Anna Alberdina Antoinette Terruwe for instance based her work on that of Thomas Aquinas and the relevance of Thomistic rational psychology to neurosis and its treatment. She was one of the more extraordinary pyschiatrists in the 20th century and of course remains relatively unknown to thisday.
I have often said the biggest problem with understanding someone else's point of view is the failure to understand our own. For readers who may not understand the differnce between alienated, contemporary man and his ancestors, I suggest three different reads from three different perspectives. One is rather long -- Mont-Saint-Michel and Chartes by Henry B. Adams; One is a very short essay, The Nature of Medieval Art by Ananda Commaraswamy ; and the other a book recently recommended to me at this past Chronicle's Summer school by Father Hugh Barbour, Brother Petroc's Return by Sister Mary Catherine. There, that is my last post on this very interesting and timely topic today and like thirty cent coffee, it is what it is.
I asked about Burke because of this article by Murray Rothbard I read
http://www.lewrockwell.com/rothbard/rothbard11.html
Its about Burke's Vindication of Natural Society. In it he seems to be a liberal anarchist and not remotely conservative.Maybe he changed his mind, but old habits do die hard.
Personally I think his reaction to the French Revolution is probably what cements him as conservative.He does speak out against using abstract ideas to run society and prefers prescription and prejudice to guide policy.
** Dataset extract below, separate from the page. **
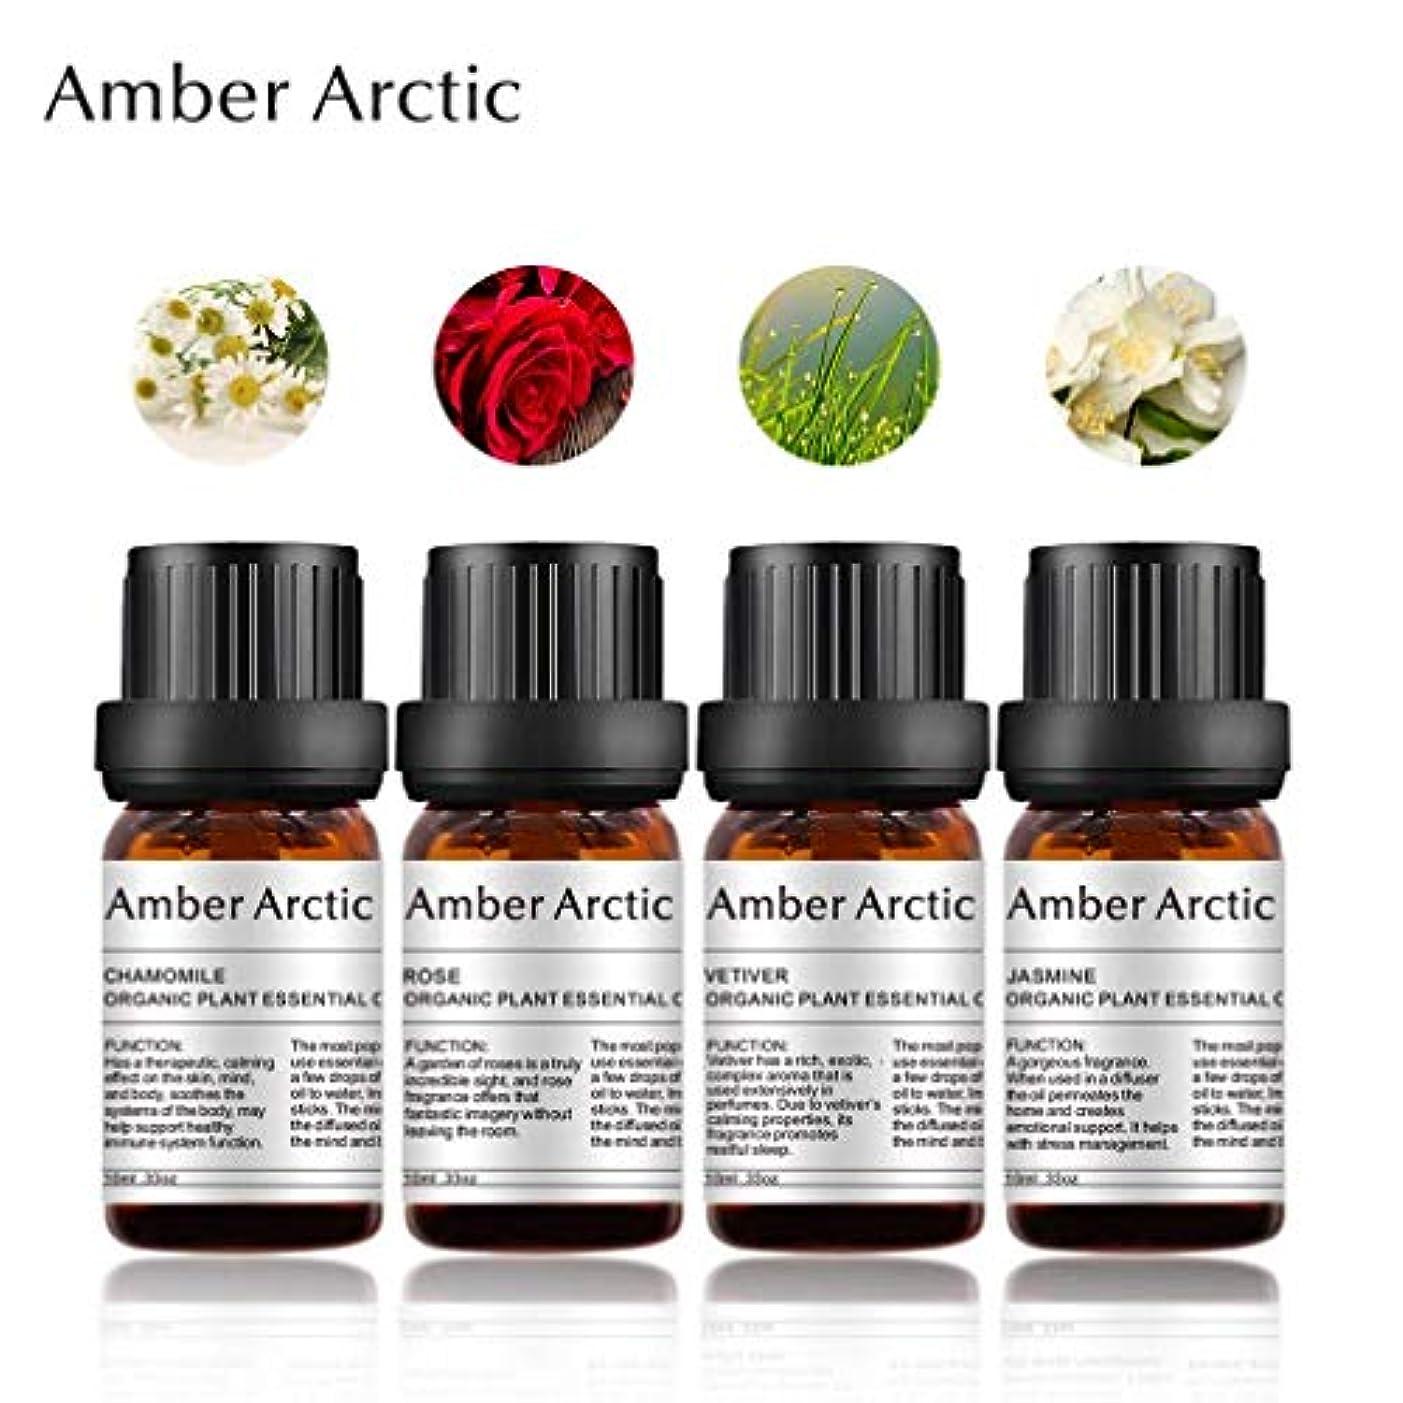 効率的にやさしく象Amber Arctic 4 パック 精油 セット、 100% 純粋 天然 アロマ 最良 治療 グレード エッセンシャル オイル (ジャスミン、 ベチバー、 ローズ、 カモミール)

Also I ask because I recently saw a leather volume in my school called Classics of Conservatism. And it included the Wealth of Nations,Democracy in America,and Reflections on the Revolution in France. How these are all conservative I don't know.But these are conservative in America I guess due to our heritage of liberalism.
My good friend Murray Rothbard knew many things, but he often fell into ideological traps of his own devising. For Rothbard, Burke was either bad because he defended the old order or good because he had an anarchist streak: For him there were only heroes and villains. Burke is a distraction because he is a complex man responding to different crises in his own time, not a philosopher. There is a strong conservative streak in him, but that is not the only streak. As for the Vindication, conservatives view it as a jeu d'esprit. I rather doubt that, but if he was serious, he moved away from that position.
Thanks for clarifying.I've been reading Russell Kirk's the Conservative Mind,which leads the reader to think Burke is the original conservative philosopher.
So I guess your liberal tradition series will focus on philosophers and not political leaders.I think that's what Kirk falls into with Burke.
As far as how liberals misunderstood realities of human nature and social life, did they primarily:
1) have good arguments for the wrong conclusions?
2) have bad arguments for the right conclusions?
2) have bad arguments for the wrong conclusions?
I ask, because you often qualify your criticisms of post-Renaissance thought by saying that it involved many well-intentioned people who lost their way somewhere.
Incidentally, I recently read about a sort-of-liberal called James Parkinson from the 18th century (Parkinson's disease refers to him, apparently!). The man was distributing various pamphlets promoting overthrow of government and once conspired a plot to poison the king. A nuisance and a troublemaker who always caused problems. I thought that such a person was totally alien from acceptable standards of society. If this is what liberalism is, it is probably difficult to concede that such people ever mean well.